Hi @rishizek , can i ask you more details?
i'm trying to train deeplabv3+ but my batch size is too small
my current setting and envrionment is
input size - 512, 512, 3
backbone - xception, OS16
gpu - titan xp (12GB)
--> batch size - 4
i think 4 is too small to train my own dataset,,
in your above experiment, what is your settings for backbone model and input size?
thank you for your help in advance!
So I'm guessing, to train PASCAL VOC 2012 as shown in the script local_test.sh there are not many options regarding your graphics card. In the example, using the starting checkpoint for DeepLabv3 - xception65, doesn't matter how you play with the hyperparameters, not even for batch_size==1, you won't get results with a 6GB GPU.
Furthermore, I'm in the same situation when using the MobilenetV2 script local_test_mobilenetv2.sh and its starting checkpoint
NVIDIA lineup of cards of more than 8GB of dedicated GPU memory (as shared GPU memory is not used in Tensorflow) is pretty thin. Not even a GTX 1080 (8 GB) would do.
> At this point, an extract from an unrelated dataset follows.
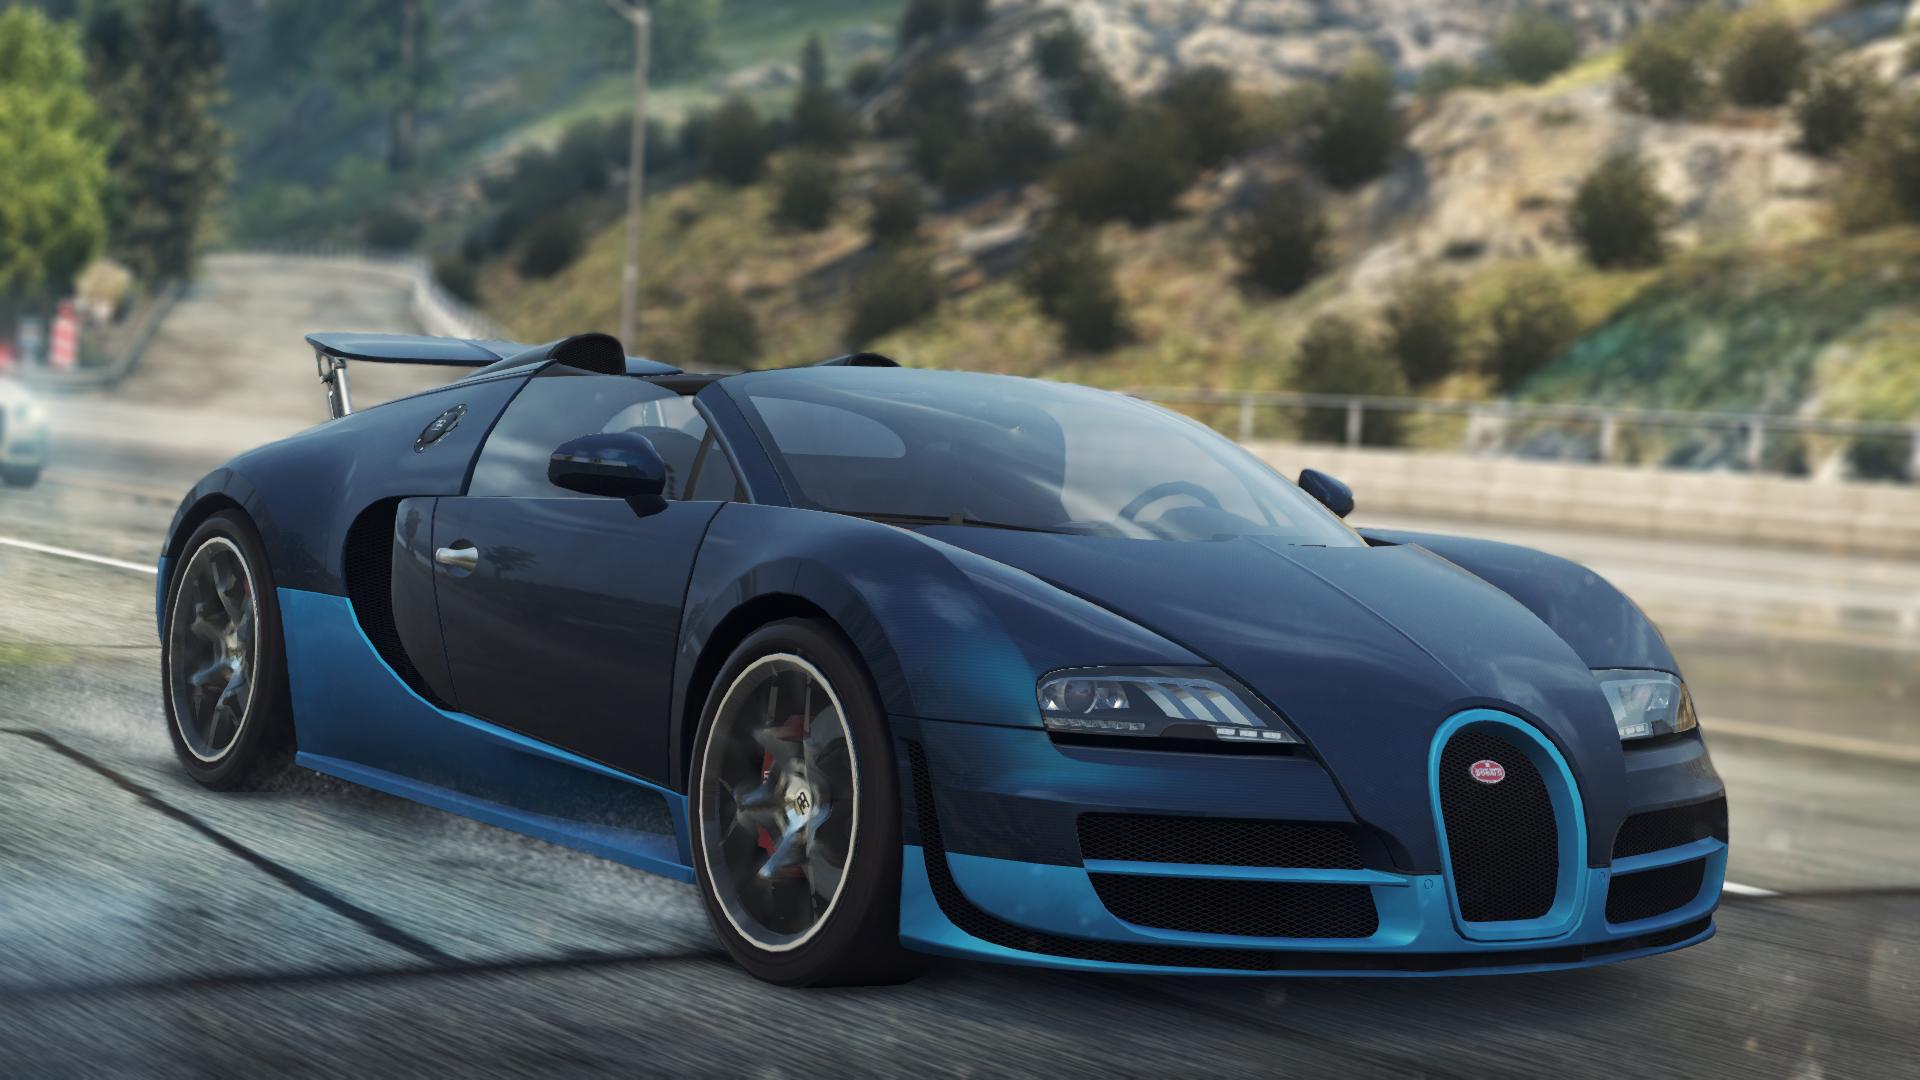 Bugatti Veyron Grand Sport Vitesse By AcerSense On DeviantArt

You need to go for a GTX 1080 Ti (11GB), a Titan, or a RTX 2080 Ti (the regular RTX 2080 is only 8GB)
Update:
Trying to start the training process using the above examples result in several CUDA memory errors
tensorflow/stream_executor/cuda/cuda_dnn.cc:329] Could not create cudnn handle: CUDNN_STATUS_ALLOC_FAILED
and the program exiting with error code 1. I can see in the task manager how the memory is occupied to full capacity.
But after tinkering with the object GPUOptions, using the following lines
gpu_options = train.tf.GPUOptions(per_process_gpu_memory_fraction=0.5)
sess = train.tf.Session(config=train.tf.ConfigProto(gpu_options=gpu_options))
the script throws several warnings regarding performance considerations
tensorflow/core/common_runtime/bfc_allocator.cc:239] Allocator (GPU_0_bfc) ran out of memory trying to allocate 2.93GiB with freed_by_count=0. The caller indicates that this is not a failure, but may mean that there could be performance gains if more memory were available.
but the training process starts succesfully.